How To Deal With Class Imbalance In Dataset
A simple techniques to deal with the imbalance of data
What is class imbalance
class imbalance is the unequal distribution and variation of data in machine learning task where one class tend to have more values than the other classes or distributions. the class imbalance can occur as a result of undiverse and biased resampling of data which is due to the collection of data from a single geographical area, or as a result of the nature of the problem such as fraudulent transactions which tend to have a biased distribution of data between the classes because of less occurrence and prevalence of fraud in the overall transactions. imbalance occurs also because of the presence of minority class such as race, ethnicity, or tribe in the data set.
so let us start by uploading our dataset and then printing the value counts of the Sex column.
df=pd.read_csv('titanic_train.csv')
df.Sex.value_counts()
Output [1]:
male 577
female 314
Name: Sex, dtype: int64
in the output above, the male class has more values than the female class due to an imbalance of data.

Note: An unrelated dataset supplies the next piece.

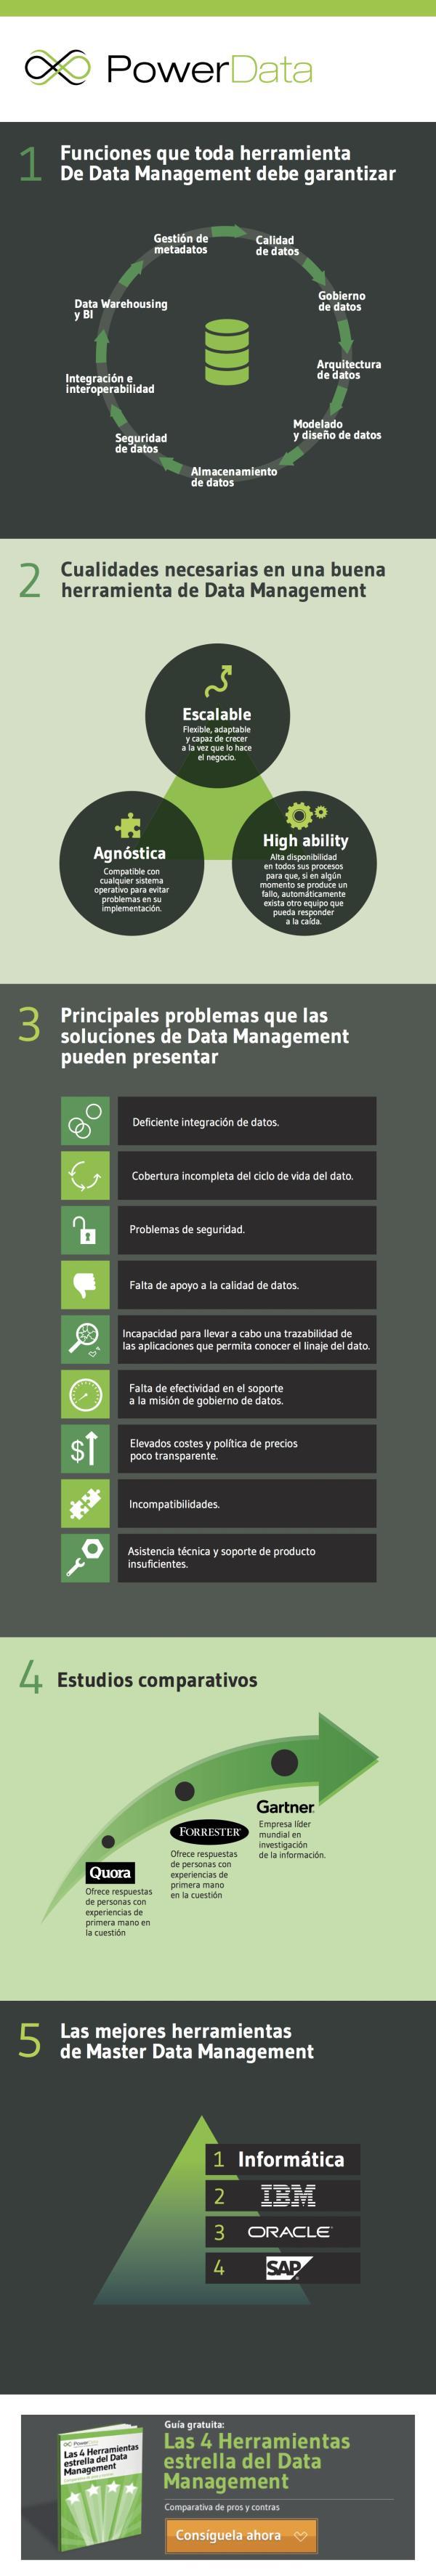 infografia   herramientas data management gestion datos resized 600

Dealing with class imbalanced in dataset
1-Over sampling the minority class
2- Under-sampling the majority class
Oversampling the minority class
in oversampling, we created more synthetic data for the minority class so that the minority class will have more data to match the majority class, this is recommendable if there are fewer data to work with.
In [ 1]:
from sklearn.utils import resample
Male=df[df.Sex=='male']
Female=df[df.Sex=='female']
female_upsampled = resample(Female,
replace = True,
n_samples = len(Male), # Match the number with the majority class
random_state=20)
df = pd.concat([Male, female_upsampled])
let us now see the column
df.Sex.value_counts()
Output [2]:
female 577
male 577
Name: Sex, dtype: int64
now, both the number of female and male class are equal.

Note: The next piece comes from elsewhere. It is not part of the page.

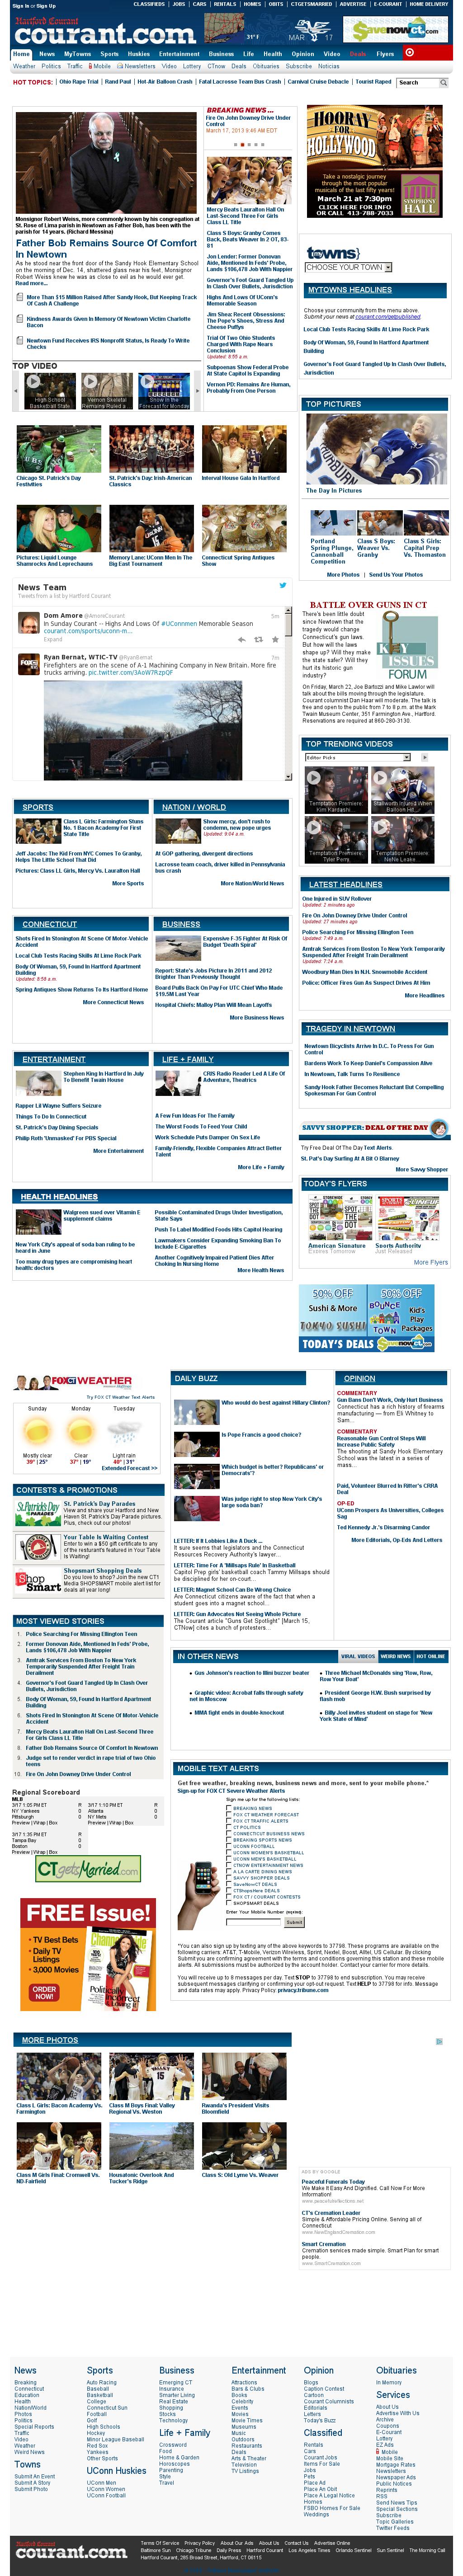 Hartford Courant at Sunday March 17, 2013, 2:12 p.m. UTC

Under-sampling majority class
in this sampling method, we remove some data from the majority class to match the minority class, but this may affect the performance of the model if there are fewer data to work with.
male_downsampled = resample(Male,
replace = True, # Sample with replacement
n_samples = len(Female), # Match number with the minority class
random_state=20)
df = pd.concat([women, men_downsampled])
let us now also see the Sex column
df.Sex.value_counts()
Output [2]:
female 314
male 314
Name: Sex, dtype: int64
Conclusion
the oversampling and undersampling method is one of the very common and effective techniques in dealing with an imbalance of data, but there are other techniques that can be used such as synthetic minority oversampling technique(SMOTH).